# Boat Graveyard, Fleetwood, Lancashire



## ganglion (Jul 29, 2012)

A few shots from an interesting boat graveyard visit we took 2 days ago in fleetwood, lancashire. Fairly easy to get to, not so easy to locate. Enjoy!



 




















hope you like!


----------



## freespirits (Jul 29, 2012)

yes i do like ,very much great shots very atmospheric ,,well done that chap/chapess and welcome to the site


----------



## ganglion (Jul 29, 2012)

aany ideas why i cant see my photos? erk...new to this


----------



## Dexter24 (Jul 29, 2012)

Nice images very well executed


----------



## ganglion (Jul 29, 2012)

hi,i placed these under misc. Any ideas why the pics are not visible? i guess the moderator has taken them off for some reason?


----------



## TK421 (Jul 29, 2012)

Mate, I DO LIKE these! Great composition and subject, excellent stuff chief!


----------



## krela (Jul 30, 2012)

ganglion said:


> hi,i placed these under misc. Any ideas why the pics are not visible? i guess the moderator has taken them off for some reason?
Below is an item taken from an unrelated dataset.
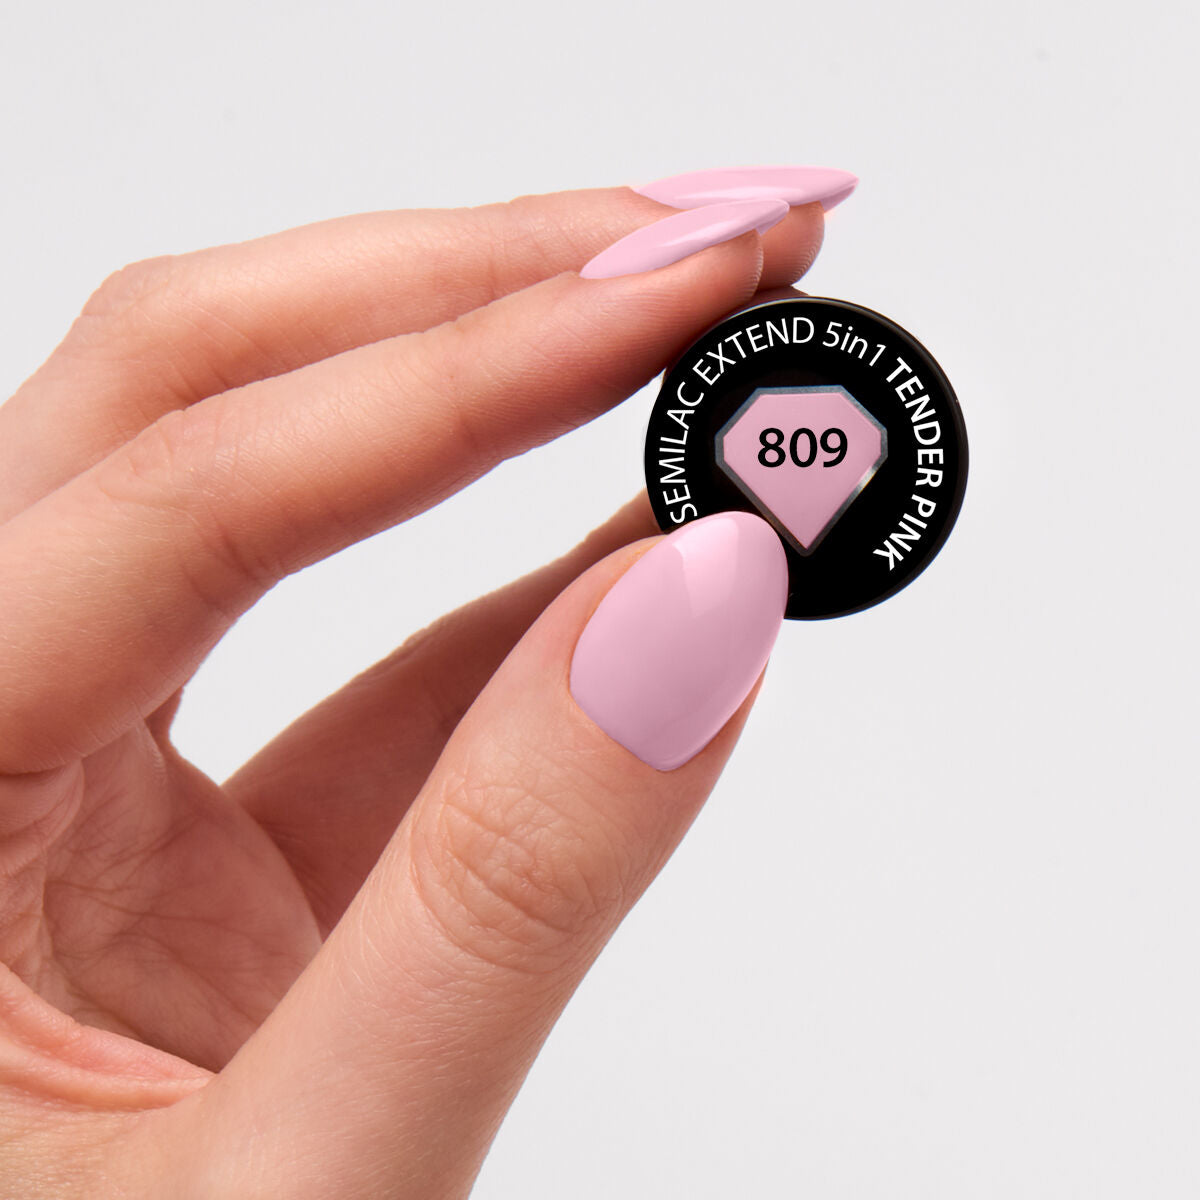 Extend 5i1 Tender Pink 809 - 7 ml-Semilac-NR Kosmetik

They are visible to us, I've got no idea why you can't see them!


----------



## alex76 (Jul 30, 2012)

Some really nice photography there mate


----------



## Silent Hill (Jul 30, 2012)

Great subject matter. Loads of potential here for the discerning snapper 

Nice images mate


----------



## night crawler (Jul 30, 2012)

Some great photo's very atmospheric.


----------



## flyboys90 (Jul 30, 2012)

Bet those hulks have some stories to tell,superb photos.


----------



## ganglion (Jul 30, 2012)

wow, still cant see them? how odd? Yeah, well worth a trek to see these, they are pretty damn immense.


----------



## SimonT (Jul 30, 2012)

Great photos - thanks for sharing. Might have to go and find these!


----------



## wherever i may roam (Jul 30, 2012)

Some ace shots there....


----------



## Sshhhh... (Jul 31, 2012)

Great pics, very nice


----------



## perjury saint (Jul 31, 2012)

*Crackin shots there...*


----------



## strider8173 (Aug 1, 2012)

not really a derelict place but still, its different and the photos are nicly done. now if there was an old submarine or cruise ship that would be cool...


----------



## Buffy1973 (Aug 2, 2012)

*Spooky*

Those are fab photos. I got a very eerie sensation looking through them. Very atmospheric, well done


----------



## maxmix (Aug 2, 2012)

Agreed with all the above, great pics, great composure etc!!


----------



## ganglion (Aug 4, 2012)

well worth a journey out to see these.


----------



## TeeJF (Aug 5, 2012)

Some of these are crying out to be "treated" and printed off on that faux oil painted canvas and framed.

Nice.


----------



## Ninja Kitten (Aug 5, 2012)

such beautiful pics there...


----------